Si badi bene, la definizione di professionista e consumatore non è immutabile, ma varia a seconda del modo in cui il soggetto agisce. Nessuno è sempre consumatore, o professionista. Ciò perché un consumatore diventa professionista, quando acquista o cede beni nell’ambito della propria attività professionale. Viceversa un professionista diventa consumatore, quando stipula contratti con altri professionisti per soddisfare esigenze di vita private.
2. Il condominio è un consumatore?
Si è detto che essere un consumatore porta a godere di vantaggi rilevanti nel campo della protezione commerciale. Si è pure anticipato che tale qualifica è oggi riferibile anche ad un’associazione composta da più consumatori. Il fatto che siano raggruppati in una sola entità, secondo i giudici, non fa perdere loro il diritto alla protezione che il legislatore gli tributa come singoli. Diversamente ragionando, la tutela consumeristica sarebbe meramente individuale; una soluzione in contrasto con il nostro ordinamento che, già a livello costituzionale, tutela le formazioni sociali in ogni loro forma [2]. Anche quando si tratta di un condominio, che ben può essere considerato un consumatore [3].
Ad oggi, l’unico caso dubbio è quello in cui il condominio sia composto in maggioranza da condomini professionisti. Si pensi, per esempio, ad un’unità immobiliare costituita, per la maggior parte da uffici commerciali o professionali. In queste circostanze si dubita che possa trovare applicazione la tutela riservata ai consumatori. Si tratta, tuttavia, di un caso limite, che per la sua straordinarietà, non verrà analizzato oltre.
3 In cosa consiste la tutela del consumatore?
La legge italiana presume che tra consumatore e professionista vi sia uno squilibrio originario: il primo non ha tutte le competenze e le conoscenze di cui dispone il secondo; inoltre, il testo dei contratti è redatto, di regola, solo dal professionista, il quale può dunque predisporre un regolamento espressamente orientato a favorirlo.
Per colmare tale disparità, il Cod. del Consumo riconosce al consumatore un’ampia serie di tutele tra cui rientrano, a titolo non esaustivo, il diritto a ricevere informazioni complete, la protezione da pubblicità commerciali e prassi scorrette, o troppo aggressive. L’analisi completa dell’intera rete di difesa tessuta a tutela del consumatore non è possibile in questa sede, dove invece si analizzerà solo ciò che riguarda, in maniera diretta, la posizione del condominio.
4 Le clausole vessatorie
Le disposizioni del Codice del Consumo più rilevanti per la nostra trattazione attengono all’inefficacia di alcune disposizioni contrattuali, che determinano a carico del consumatore un significativo squilibrio di diritti e obblighi derivanti dal contratto [4]. Esse sono definite clausole vessatorie. E sono nulle, senza alcuna efficacia verso il consumatore. Ciò significa che, anche se il contratto in cui sono inserite rimane perfettamente valido, esse sono improduttive di effetti; come fossero inesistenti. Questo in teoria, perché nella realtà, le clausole vessatorie devono essere contestate al professionista. Se egli non le disapplicasse volontariamente, il consumatore dovrà poi agire in sede giudiziale per ottenere una pronuncia di nullità.

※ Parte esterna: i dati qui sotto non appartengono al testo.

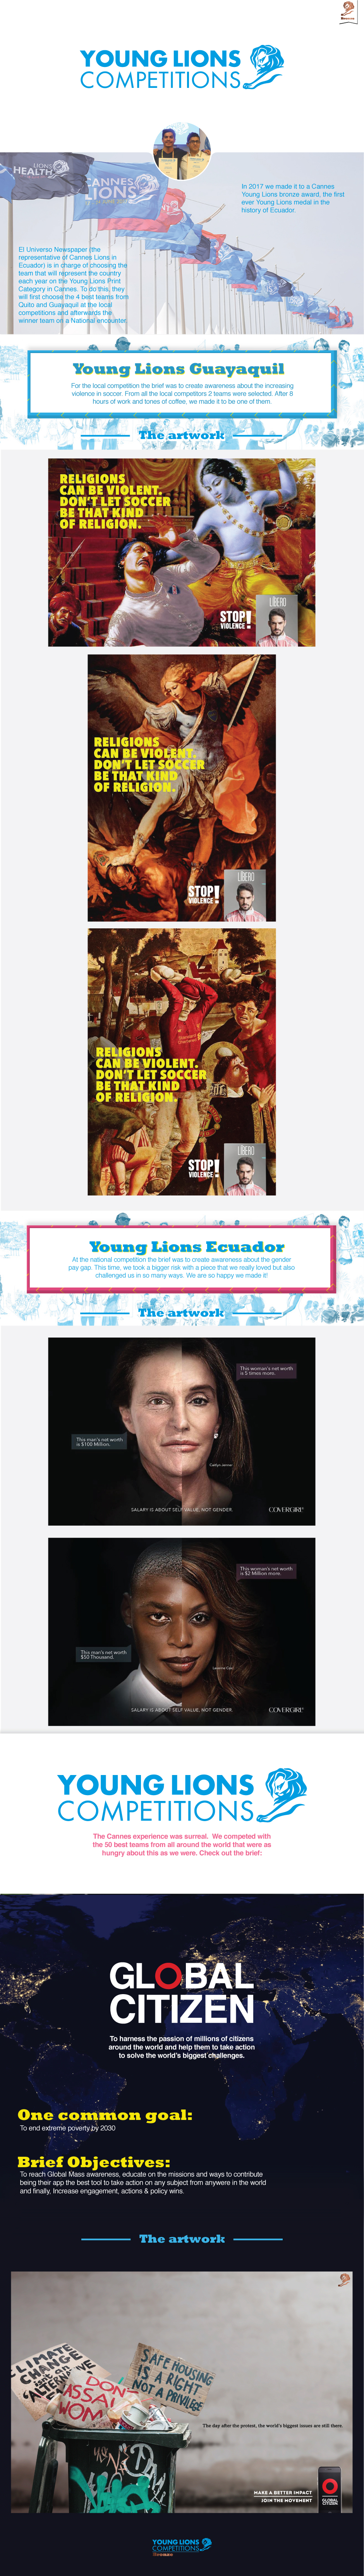 Cannes Young Lions Board 2017

Il giudice dovrà valutare la vessatorietà delle clausole in ragione dell’oggetto del contratto, delle circostanze in cui fu concluso e dell’equilibrio generale dell’accordo di cui sono parte. Non sono mai vessatorie le clausole che riproducono disposizioni di legge obbligatorie. Nè quelle che furono oggetto di trattativa individuale, e dunque espresso accordo, tra consumatore e professionista. Sempre, beninteso, che quest’ultimo sia in grado di provare tale circostanza [5].

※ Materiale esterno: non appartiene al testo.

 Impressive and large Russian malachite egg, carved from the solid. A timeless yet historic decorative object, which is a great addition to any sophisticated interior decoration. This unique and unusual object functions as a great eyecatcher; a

Per semplificare l’accertamento della vessatorietà, il legislatore ha stilato due elenchi: il primo, chiamato lista grigia, individua le clausole che sono vessatorie fino a prova contraria (fornita dal professionista)[6], il secondo, chiamata lista nera, individua le clausole che sono sempre vietate (e inefficaci) indipendentemente dalla controprova data dal professionista [7]. Muoversi attraverso questi elenchi consente di avere un quadro generale di quali possano essere le clausole vessatorie, ma non permette di esaurire l’intera categoria. Lo stesso legislatore ha infatti voluto creare una nozione di vessatorietà aperta e flessibile, capace di adattarsi alla smisurata varietà dei casi concreti, tipici della vita quotidiana e soprattuto della infinta poliedricità delle prassi commerciali.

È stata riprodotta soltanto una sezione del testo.